Extracted records Start Marker
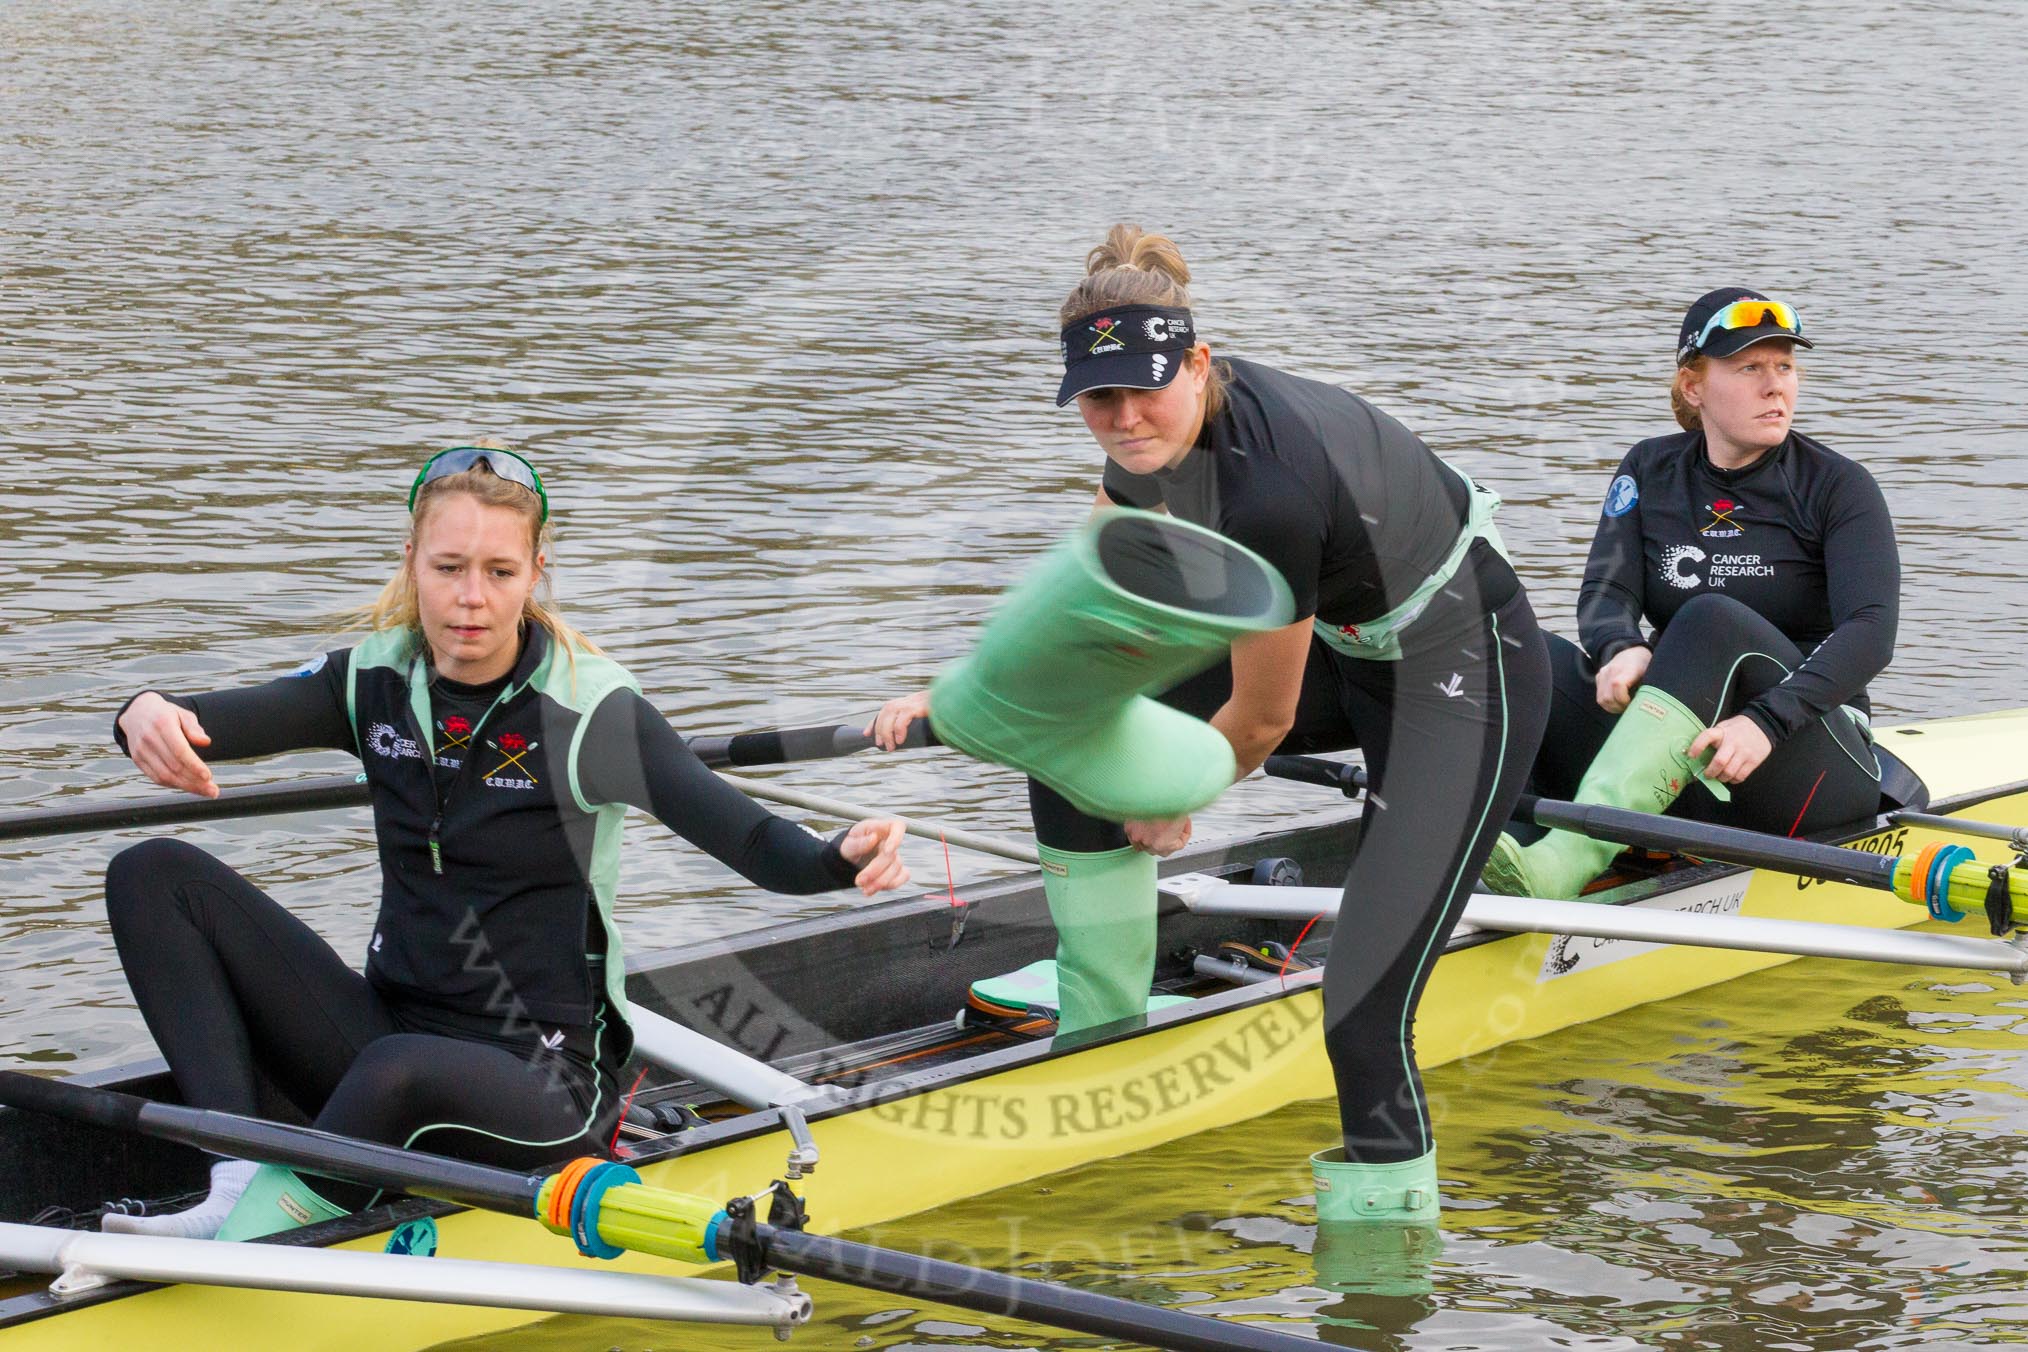 The Boat Race season 2017 - Women's Boat Race Fixture CUWBC vs Univerity of London: CUWBC's 3, Ashton Brown, 2 Kirsten van Fosen, and bow Claire Lamb getting rid of their Wellies.
River Thames between Putney Bridge and Mortlake,
London SW15,

United Kingdom,
on 19 February 2017 at 15:16, image #10
Extracted records End Marker
* [What to work on]: What must be returned is the line with "River Thames between" plus every line after it to the end of the entries, exactly as they appear.

* [Response box]:
River Thames between Putney Bridge and Mortlake,
London SW15,

United Kingdom,
on 19 February 2017 at 15:16, image #10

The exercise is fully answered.